ANEC also has an interest in the use of standards and the use of certification schemes that demonstrate conformity to standards. We also seek to influence the development or revision of European legislation related to products and services which is likely to affect the consumer.

The representation of consumers in the European standardisation process is a public interest activity, and the representative European association is appointed only after regular public calls for tender. It is an activity dependent upon European public funding. Hence the ANEC budget is financed by the European Union (95%) and EFTA (5%) under Regulation (EU) 1025/2012.
In 2014, the ANEC budget totals 1,47M€. The participation of our voluntary experts is considered by the European Commission and EFTA Secretariat as a contribution in kind. In 2007, the ANEC Secretariat calculated the value of this contribution to be 260.000€.

ANEC is an international non-profit association established under Belgian law with a central secretariat in Brussels, Belgium. We are recognised by the European Commission and EFTA Secretariat and are a full member of the European Consumer Consultative Group (ECCG).

What is the economic benefit of standards?

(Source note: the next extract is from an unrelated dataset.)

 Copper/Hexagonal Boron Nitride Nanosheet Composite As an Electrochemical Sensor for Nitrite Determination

The academic study of the benefits of standards and standardisation has been quite limited and focused at the national level, but the German national standards body, DIN, has calculated that the use of standards contributes one percentage point to the annual growth of the German economy (about 27.000M€).

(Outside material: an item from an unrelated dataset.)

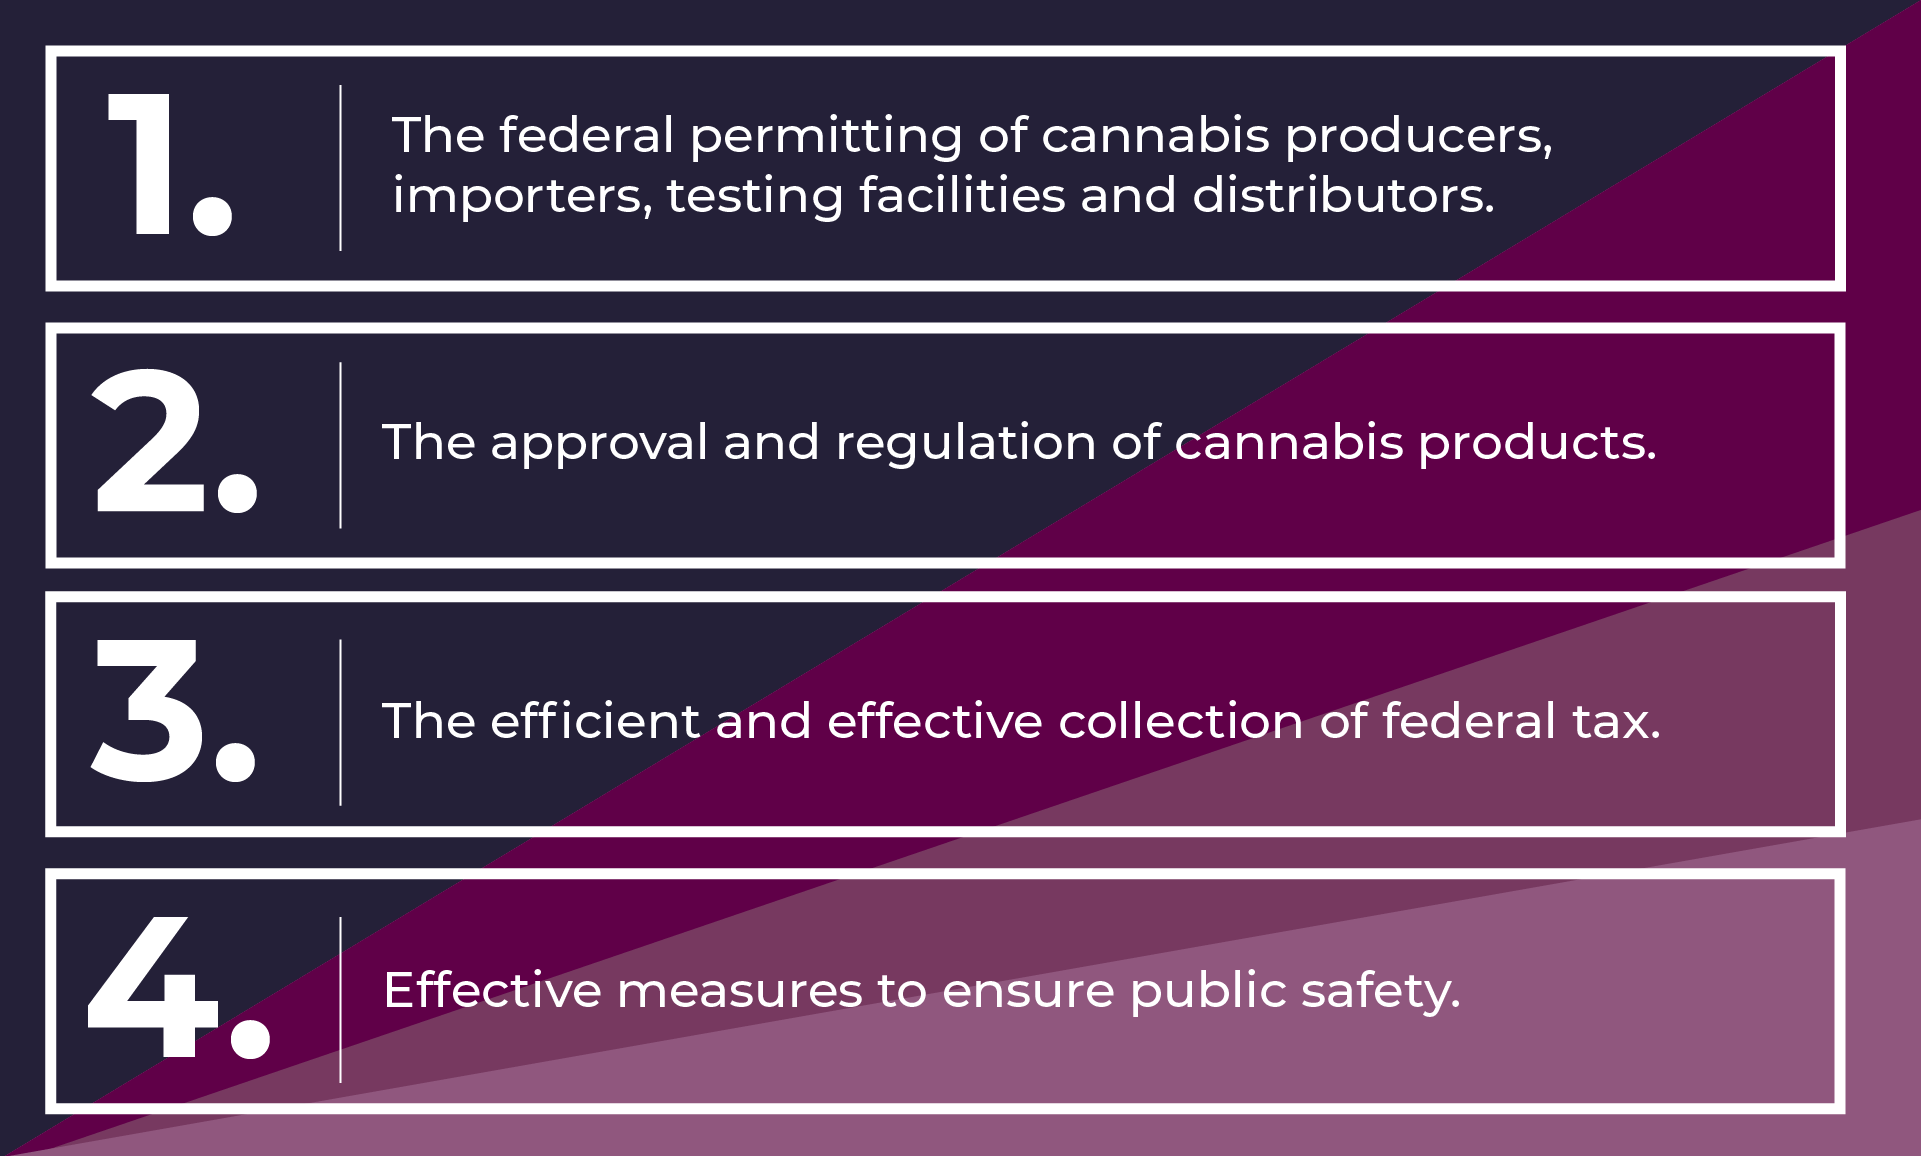 Four Pillars of Safe, Responsible Cannabis Legalization & Regulation

Similarly, the United Kingdom government attributes 13% of the growth in British labour productivity since 1945 to the use of standards. Other UK studies show that standardisation adds between 0.3% and 1% to the GDP on an annual basis.

Although ANEC appreciates these measures of the economic benefits in underlining the importance of standards, we still await a formal academic assessment of the contribution of standards to societal welfare.

How is ANEC structured?

ANEC is governed by a General Assembly (ANEC/GA) which comprises of one individual from each of the 33 countries of the European Union and EFTA. In January 2012 and July 2012, Turkey and the Former Yugoslav Republic of Macedonia have joined as the 32nd and 33rd member. The individual is nominated through a collective decision of the national consumer organisations in each country and acts as the interlocutor between them and ANEC. Each General Assembly serves a four-year term and ordinarily meets annually. The General Assembly meeting is presided over by the ANEC President, elected by the General Assembly from among its membership for a two-year term. The ANEC Secretary-General acts as its secretary.

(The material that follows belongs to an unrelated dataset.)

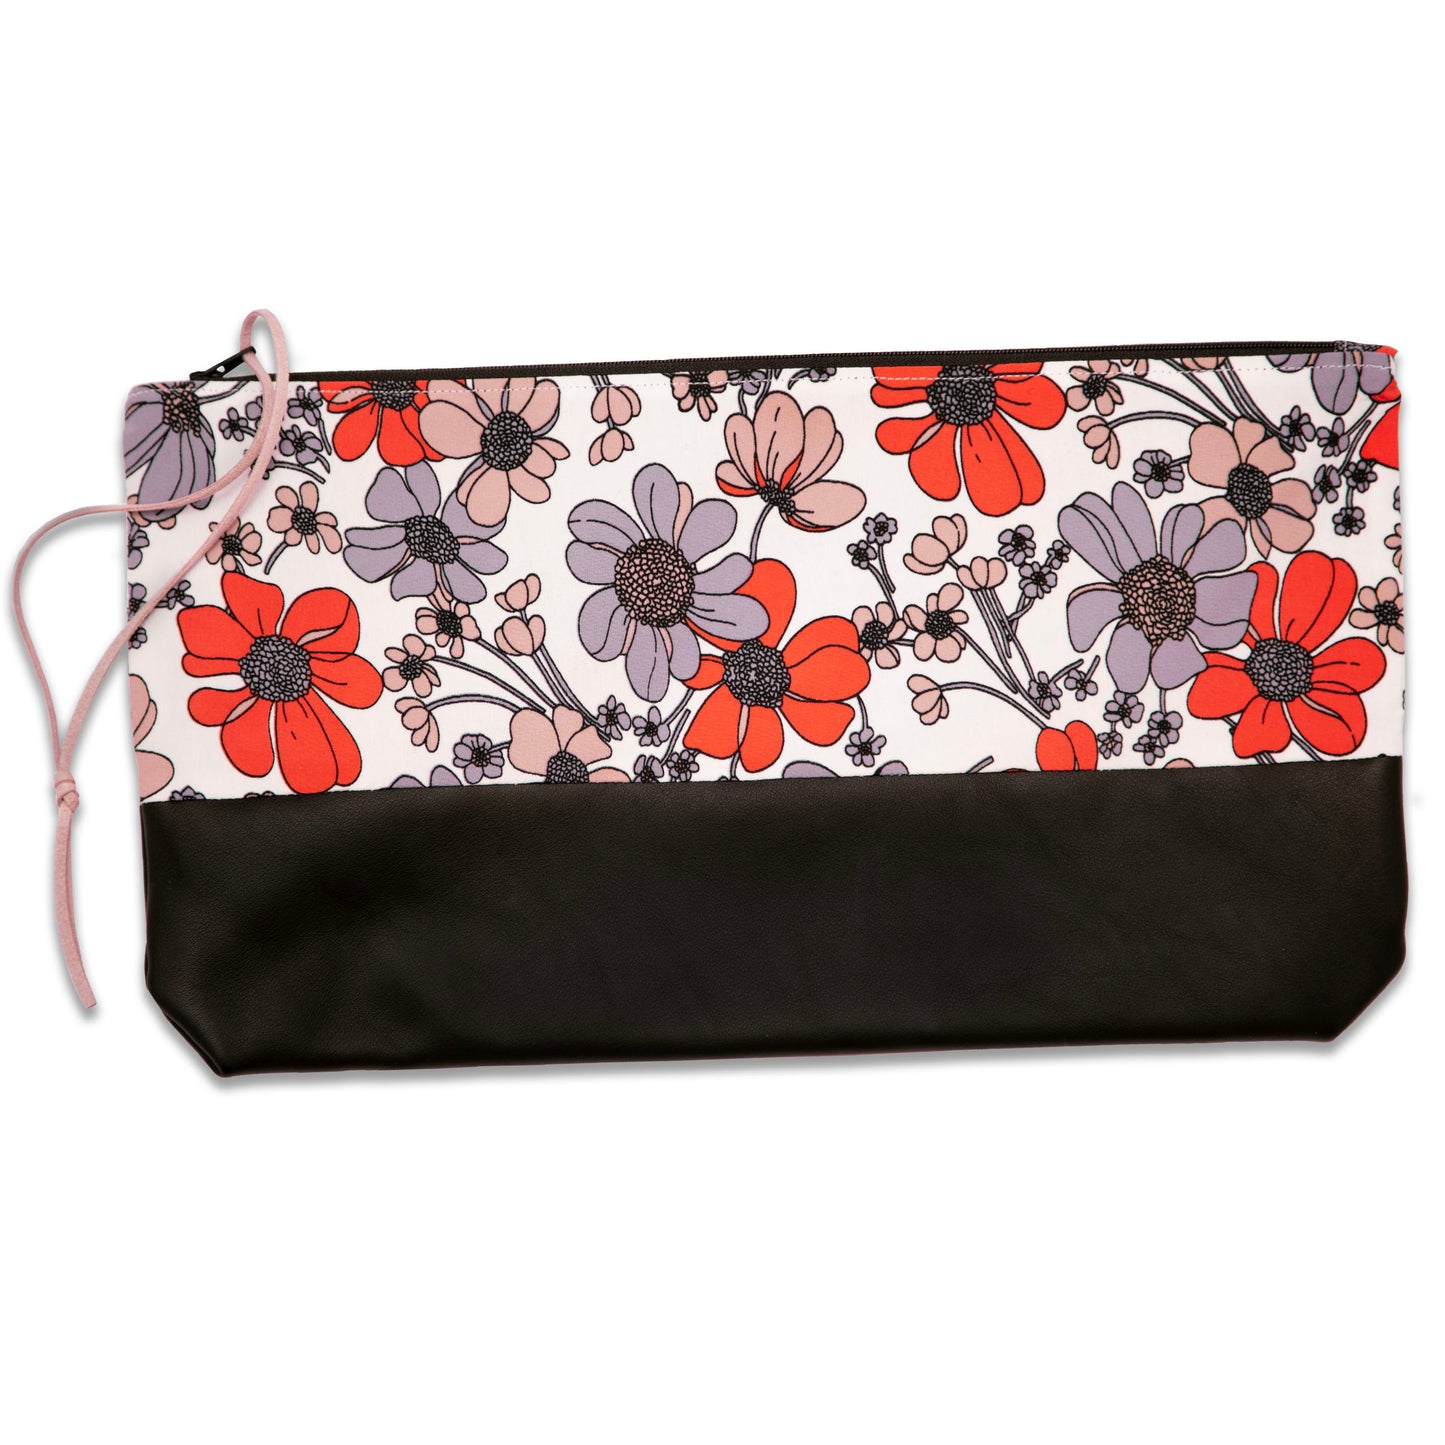 Daisy Chain Floral + Leather Clutch Bag, Handmade

The strategic decisions of the General Assembly are implemented by an executive board known as the ANEC Steering Committee (ANEC/SC). Chaired by the ANEC President, the Steering Committee comprises up to nine members elected by the General Assembly from among its membership for a two-year term. The Steering Committee members elect the ANEC Vice-President and ANEC Treasurer, again for two-year terms. The Steering Committee meets up to four times each year and also works by correspondence.

Each field of priority in which ANEC operates, determined by the ANEC General Assembly and Steering Committee, has a Working Group (ANEC/WG) as its focus. Each WG has a Chair (appointed as an observer to the General Assembly) and Secretary (a Programme Manager from the ANEC Secretariat). Its members are voluntary experts drawn from across the countries of the ANEC membership. Among other responsibilities, each WG is responsible for defining the priorities in its sector and for determining the positions of the ANEC representatives in the ESOs and similar organisations.

In 2014, the ANEC budget allowed ANEC to operate in the following main areas of priority: Child Safety, Design for All (DfA), Domestic Appliances (DOMAP), Sustainability, Information Society, Services, Traffic, Chemicals and Smart Meters.

The ANEC Secretariat acts as the hub of the association. Headed by the ANEC Secretary-General, it co-ordinates the activities of its national actors at European (and sometimes international) level; supports the governance and technical bodies of the association and the members of those bodies, and leads on the representation of ANEC within the European institutions.